Thomas Levine has downloaded 100,000 datasets from 100 open data portals, and this is what he learned. http://thomaslevine.com/open-data
He will talking about all aspects of how he did this, and downloading is, of course, a big part of that. Here are two repositories that you could link to if you like. They lack comprehensible documentation, though.
Playing with computers since he was young, Thomas Levine eventually developed back and wrist pain, so he started studying ergonomics and conducting quantitative ergonomics research. Then he realized that he’d accidentally become a data scientist. And his back and wrists now hurt less. He also has a band called CSV Soundsystem that makes music from spreadsheets.
Browsing through his site and find interesting questions to ask Tom.
For the first half of the session, he'll talk about what he did and what he learned.
After that, he'll talk in more detail about how to conduct an analysis like this.
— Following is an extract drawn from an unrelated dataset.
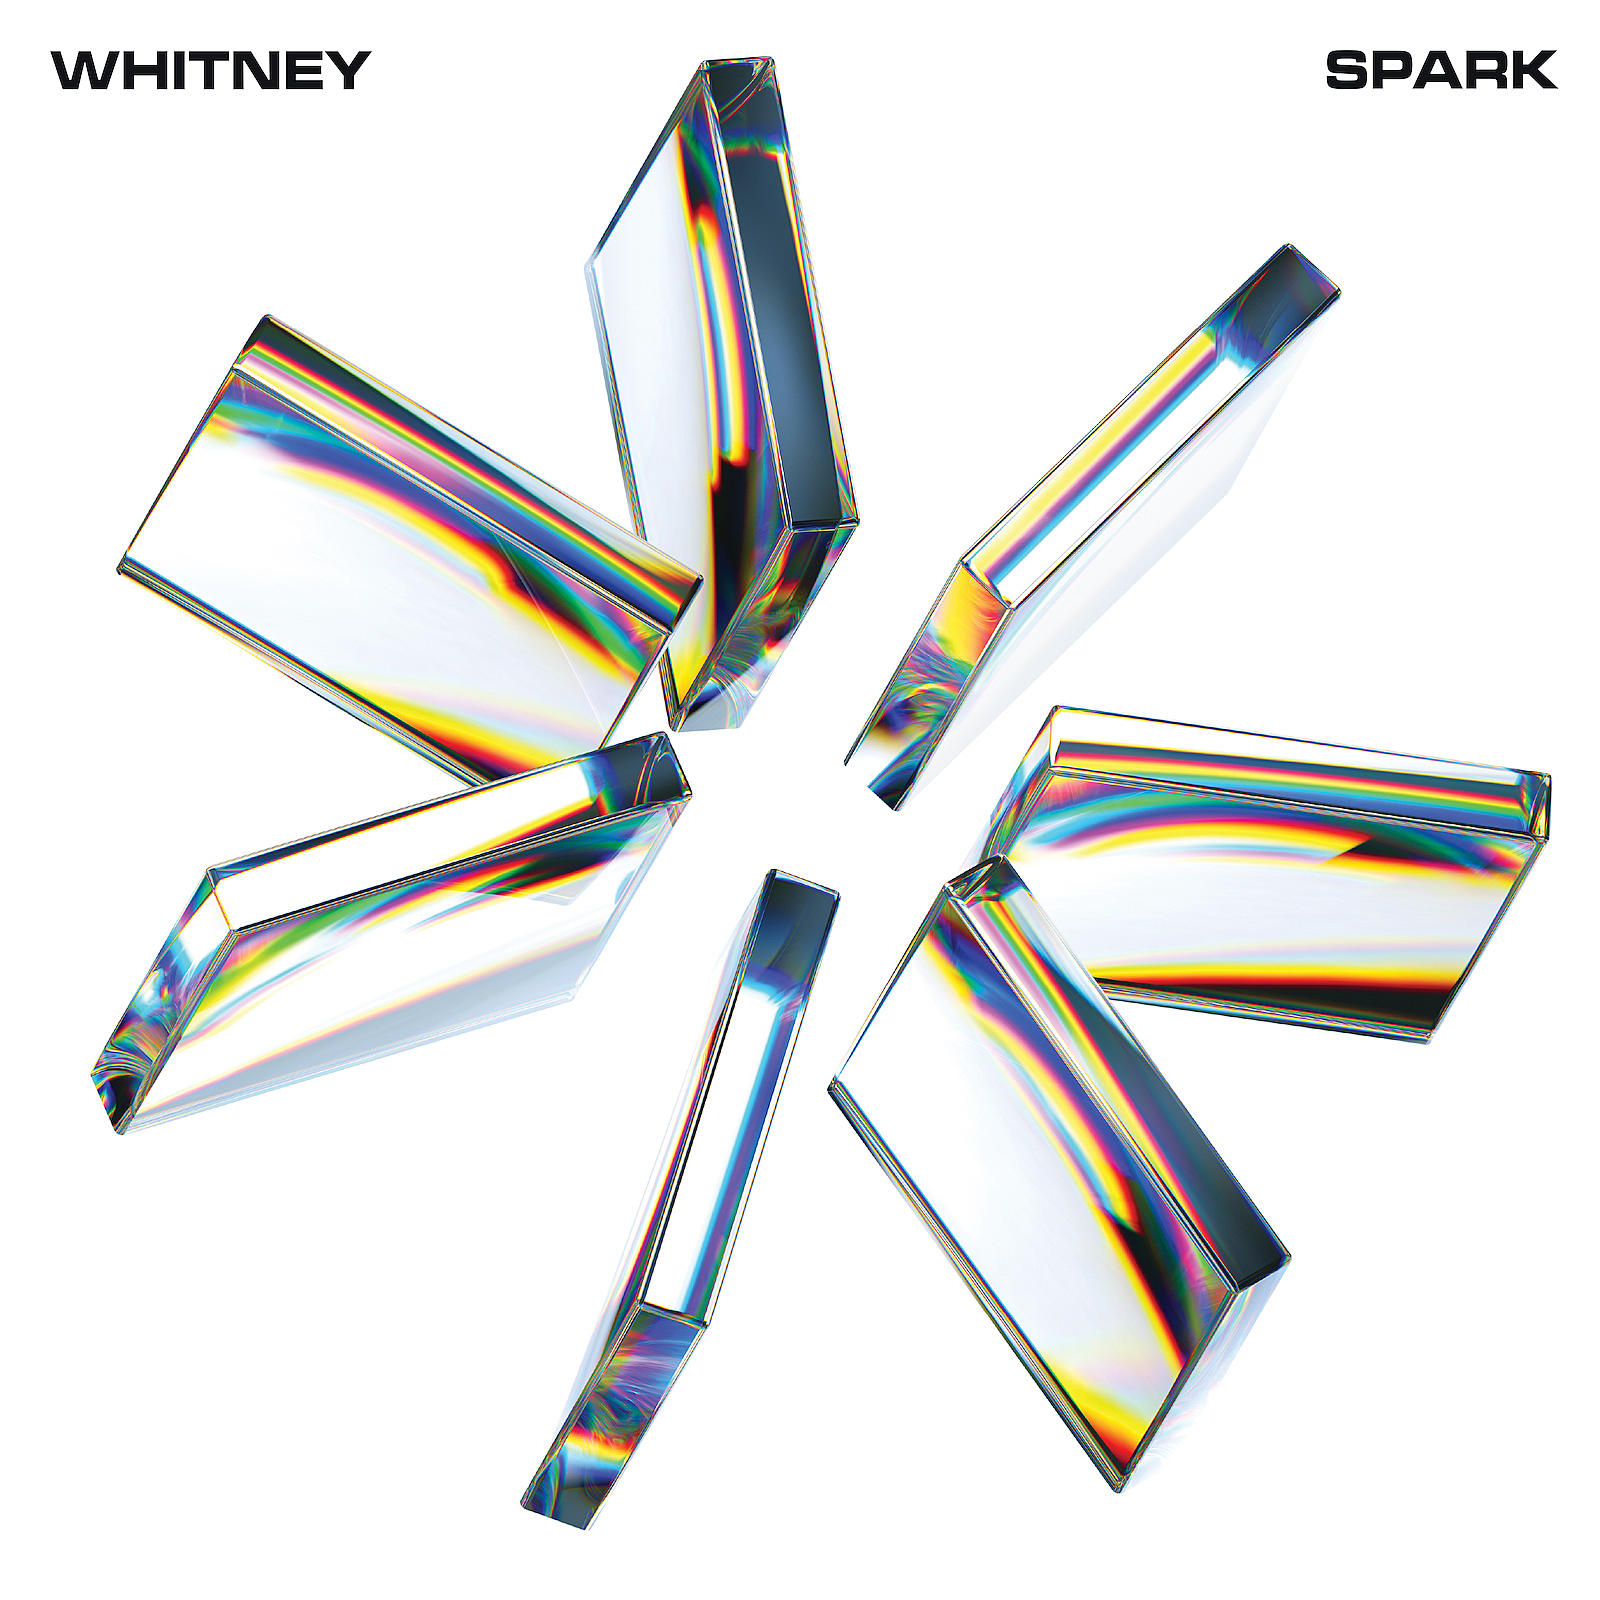 Whitney-SPARK-cover-artwork

The specifics will depend on what interests participants,but topics could include
* Planning complicated data workflows/pipelines
* Storing data
* Tricks for making things run faster
Event Material(update on 11/29/2013 Friday)
The speaker is planning on doing at least one of the documented exercises
during the session, but people can feel free to try one beforehand.
He will also talk a bit about brainstorming and six thinking hats.Then we'll do a couple of exercises.
1. Choose an open data catalog. Diagram how a person could manually download all of the datasets. Then change the labels in the diagram so that it describes a computer program that downloads the datasets.
2. Select a guideline from one of these lists, and brainstorm ways of testing it.